I have a custom GeneratorBasedBuilder
subclass that I’m trying to get running. It seems like I’m almost there, but my trainer is failing with a type error when trying to access a generated sample—to be more specific, I’m working with the train_text_to_image.py
script and it’s failing at the preprocess_train(examples)
function…
From what I understand, this is because the actual data is a PIL.Image
, but my generator’s features
dict lists the features as "image": datasets.Value("string")
, which is obviously incorrect.
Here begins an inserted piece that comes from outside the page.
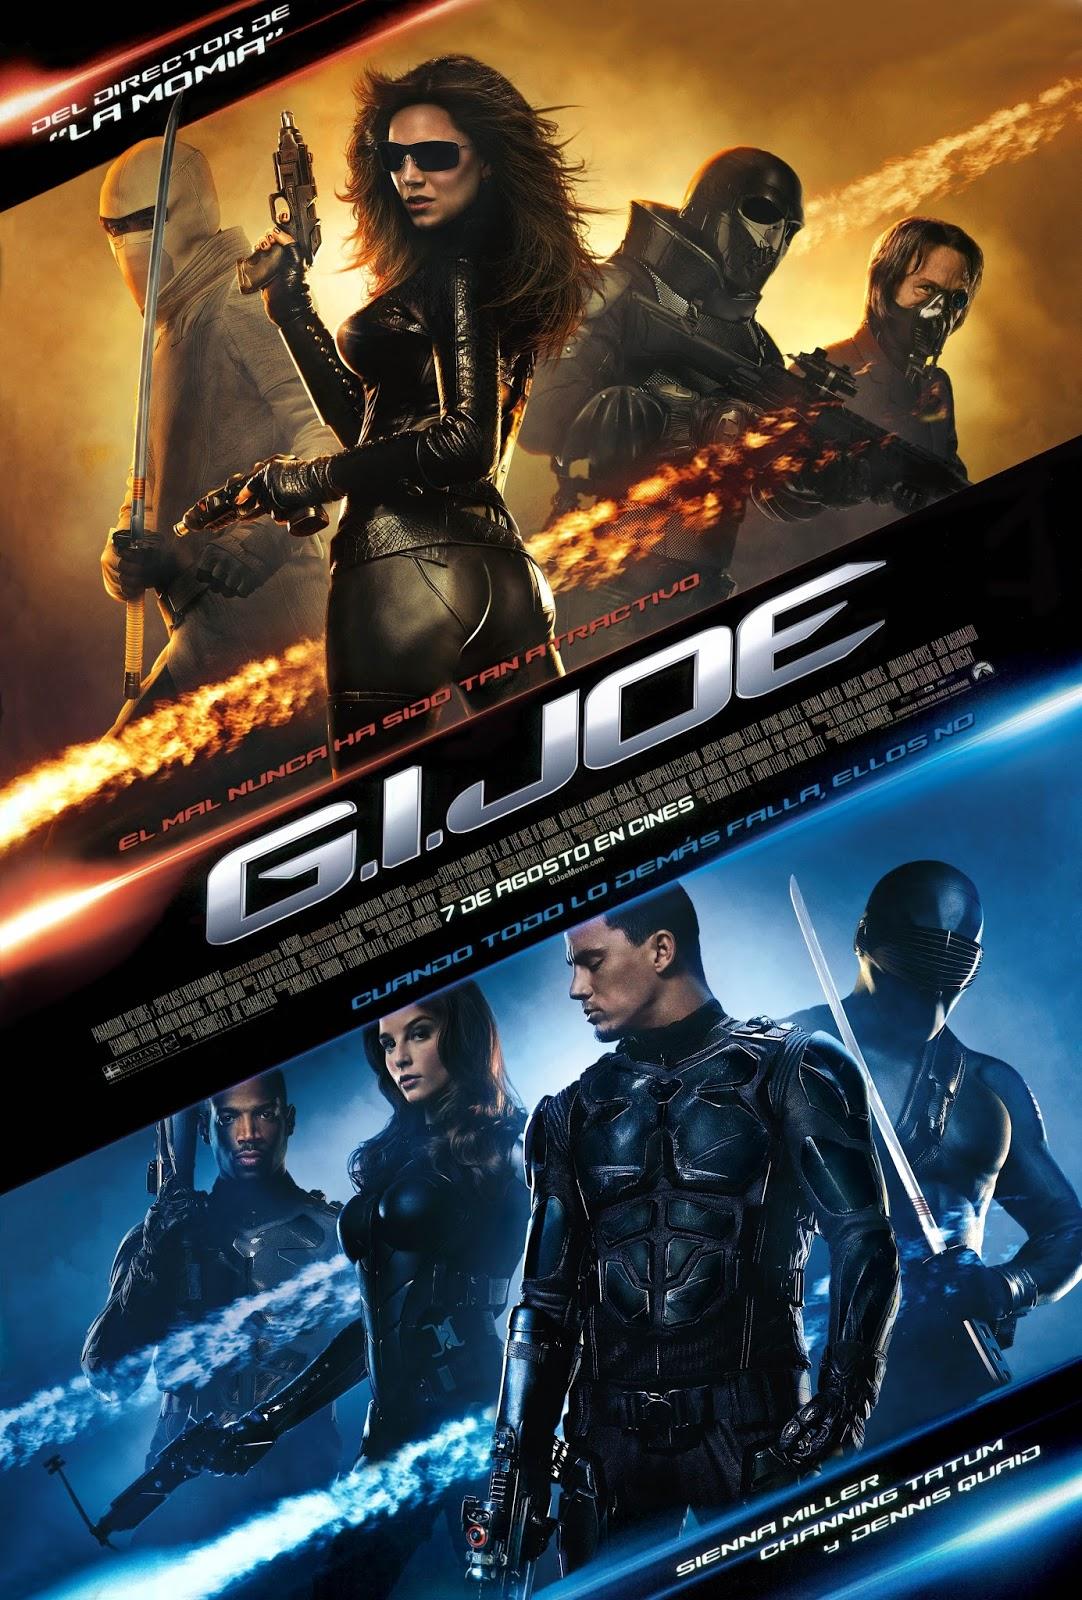 G. I. Joe: retaliation & the rise of cobra on 4k blu-ray this.

However, it doesn’t seem like I can indicate an Image as a type here, so how am I supposed to do this?..
In my _generate_examples
function I’m creating two images and a string as the types for my three columns.
features=datasets.Features(
{
"image": [Image.Image],
"text": datasets.Value(("string")),
"conditioning_image": [Image.Image]
}
)
In addition to the above, I’ve tried the original (template) datasets.Value("string")
, Image
(which fails with cannot pickle module
), and Image.Image
…
I’m doing some preprocessing in my _generate_examples
function—basically adding a random mask—which I’d rather not do at the caller, if possible…
My _generate_examples
function returns:
yield idx, { "image": target_img, "text": prompts, "conditioning_image": cond_img }
in case that helps… “target_img” and “cond_img” are both type PIL.Image
Why is this difficult… ???